Dataset items
⟨
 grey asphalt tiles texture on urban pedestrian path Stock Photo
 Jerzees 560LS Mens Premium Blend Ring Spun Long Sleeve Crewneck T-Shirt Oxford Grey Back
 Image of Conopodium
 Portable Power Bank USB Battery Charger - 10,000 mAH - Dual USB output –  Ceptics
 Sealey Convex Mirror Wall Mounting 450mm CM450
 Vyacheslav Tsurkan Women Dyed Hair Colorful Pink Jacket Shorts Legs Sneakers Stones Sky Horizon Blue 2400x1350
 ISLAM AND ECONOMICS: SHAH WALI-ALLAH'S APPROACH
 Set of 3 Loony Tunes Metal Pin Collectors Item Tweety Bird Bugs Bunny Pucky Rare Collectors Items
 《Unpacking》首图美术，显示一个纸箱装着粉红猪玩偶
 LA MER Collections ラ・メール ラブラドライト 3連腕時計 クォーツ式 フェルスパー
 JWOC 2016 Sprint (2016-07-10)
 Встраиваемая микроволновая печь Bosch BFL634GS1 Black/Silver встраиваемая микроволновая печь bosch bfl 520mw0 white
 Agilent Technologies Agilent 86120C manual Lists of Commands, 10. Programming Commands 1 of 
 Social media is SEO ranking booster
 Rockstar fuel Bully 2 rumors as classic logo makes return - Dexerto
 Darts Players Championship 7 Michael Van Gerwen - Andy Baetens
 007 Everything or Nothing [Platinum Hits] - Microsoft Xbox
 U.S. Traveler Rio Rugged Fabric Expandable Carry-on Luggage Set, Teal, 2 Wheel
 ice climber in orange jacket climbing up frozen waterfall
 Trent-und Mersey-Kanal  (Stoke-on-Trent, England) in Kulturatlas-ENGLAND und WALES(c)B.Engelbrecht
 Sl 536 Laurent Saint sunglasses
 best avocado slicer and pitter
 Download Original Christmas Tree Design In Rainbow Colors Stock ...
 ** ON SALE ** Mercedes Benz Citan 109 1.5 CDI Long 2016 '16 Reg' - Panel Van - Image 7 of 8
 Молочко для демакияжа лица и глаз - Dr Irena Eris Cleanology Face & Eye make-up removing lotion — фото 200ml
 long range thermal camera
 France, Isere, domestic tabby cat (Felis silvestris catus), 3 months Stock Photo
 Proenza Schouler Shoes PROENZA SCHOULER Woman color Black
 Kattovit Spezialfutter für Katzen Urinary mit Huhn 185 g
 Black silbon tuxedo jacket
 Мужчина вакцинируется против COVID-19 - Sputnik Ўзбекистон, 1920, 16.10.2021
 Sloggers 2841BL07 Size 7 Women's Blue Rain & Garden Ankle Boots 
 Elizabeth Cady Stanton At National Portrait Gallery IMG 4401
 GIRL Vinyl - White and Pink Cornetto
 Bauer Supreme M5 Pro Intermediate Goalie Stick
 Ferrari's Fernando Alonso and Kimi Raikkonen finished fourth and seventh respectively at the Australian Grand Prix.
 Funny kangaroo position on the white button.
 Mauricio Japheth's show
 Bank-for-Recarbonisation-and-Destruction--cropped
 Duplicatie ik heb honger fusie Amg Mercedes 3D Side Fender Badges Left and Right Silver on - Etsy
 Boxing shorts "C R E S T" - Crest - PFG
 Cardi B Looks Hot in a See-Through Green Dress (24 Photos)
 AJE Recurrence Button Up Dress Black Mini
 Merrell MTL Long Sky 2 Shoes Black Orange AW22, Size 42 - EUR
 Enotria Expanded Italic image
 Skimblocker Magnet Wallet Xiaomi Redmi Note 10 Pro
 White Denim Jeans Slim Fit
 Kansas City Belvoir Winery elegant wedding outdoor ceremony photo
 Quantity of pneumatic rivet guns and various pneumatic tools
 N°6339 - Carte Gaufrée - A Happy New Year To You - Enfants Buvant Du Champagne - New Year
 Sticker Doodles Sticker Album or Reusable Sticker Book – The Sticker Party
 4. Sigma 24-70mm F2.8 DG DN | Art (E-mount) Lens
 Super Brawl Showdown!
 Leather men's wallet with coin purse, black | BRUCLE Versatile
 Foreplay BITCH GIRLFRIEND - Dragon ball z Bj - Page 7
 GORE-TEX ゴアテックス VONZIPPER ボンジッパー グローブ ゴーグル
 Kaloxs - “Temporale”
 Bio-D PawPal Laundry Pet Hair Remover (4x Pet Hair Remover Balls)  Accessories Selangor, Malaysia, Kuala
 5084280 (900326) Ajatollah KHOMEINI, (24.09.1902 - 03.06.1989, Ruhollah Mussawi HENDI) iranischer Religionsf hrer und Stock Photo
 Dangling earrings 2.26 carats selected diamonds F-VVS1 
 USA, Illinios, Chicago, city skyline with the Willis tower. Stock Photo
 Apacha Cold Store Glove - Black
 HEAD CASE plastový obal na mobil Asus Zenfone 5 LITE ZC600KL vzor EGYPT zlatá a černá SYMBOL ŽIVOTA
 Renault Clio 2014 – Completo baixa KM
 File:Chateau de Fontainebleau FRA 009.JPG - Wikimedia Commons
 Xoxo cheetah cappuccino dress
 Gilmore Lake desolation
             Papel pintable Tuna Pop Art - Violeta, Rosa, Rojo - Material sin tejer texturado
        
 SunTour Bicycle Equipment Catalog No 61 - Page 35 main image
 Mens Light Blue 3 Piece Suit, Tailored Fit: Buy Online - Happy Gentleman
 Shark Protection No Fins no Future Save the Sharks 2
⟩
Task brief => Working from the entries above, filter out every line that lacks "with" and copy what remains.

Your response =>
 Leather men's wallet with coin purse, black | BRUCLE Versatile
 USA, Illinios, Chicago, city skyline with the Willis tower. Stock Photo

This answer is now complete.